Transcribe interviews, podcasts, or meetings into searchable text files on your computer.
Create subtitles for videos by transcribing audio and exporting as SRT or VTT format.
Automatically transcribe new audio files as they arrive in a folder using the watch feature.
Build automation scripts that convert speech to text via the command-line interface.
Whisper model download and CUDA/GPU setup are the main bottlenecks; CPU fallback available but slower.
Buzz is a free, offline desktop app that converts spoken audio into text (transcription) and can translate it into other languages, all without sending your audio to any external server.

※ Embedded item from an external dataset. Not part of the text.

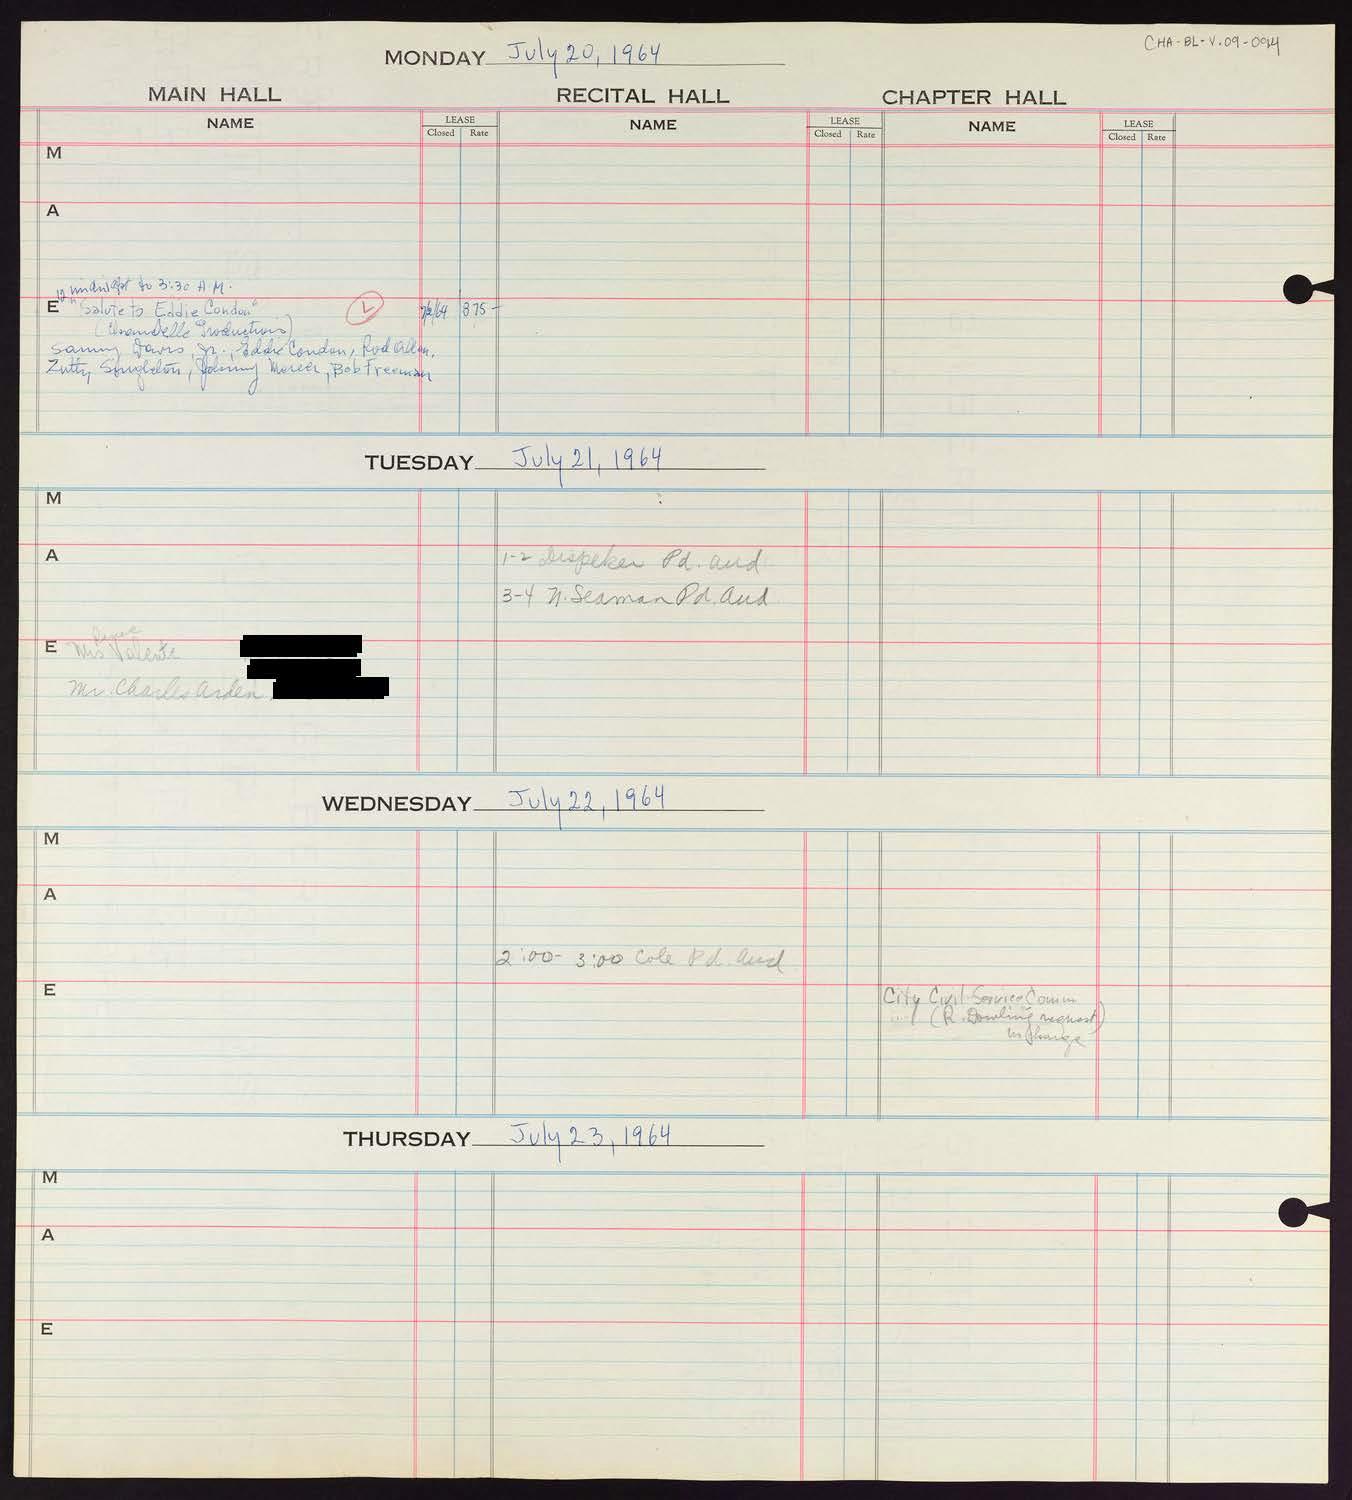 Carnegie Hall Booking Ledger, volume 9, page 94

It runs entirely on your own computer, which is useful if privacy matters or you do not have a reliable internet connection. It is powered by OpenAI's Whisper, an open-source speech recognition model. You can use it to transcribe audio and video files, YouTube links, or live audio captured from your microphone in real time. The transcription viewer lets you search the text, control playback speed, and export results as TXT, SRT (subtitle format), or VTT files. It also supports speaker identification, background noise separation for better accuracy, and a watch folder feature that automatically transcribes new files as they appear. GPU acceleration is supported for Nvidia cards (via CUDA), Apple Silicon Macs, and most other GPUs via Vulkan. You would reach for Buzz any time you need to turn audio into text on your own machine, captioning a presentation, transcribing an interview, creating subtitles for a video, or building automation scripts via its command-line interface. It runs on macOS, Windows, and Linux.
Generated 2026-05-18 · Model: sonnet-4-6 · Verify against the repo before relying on details.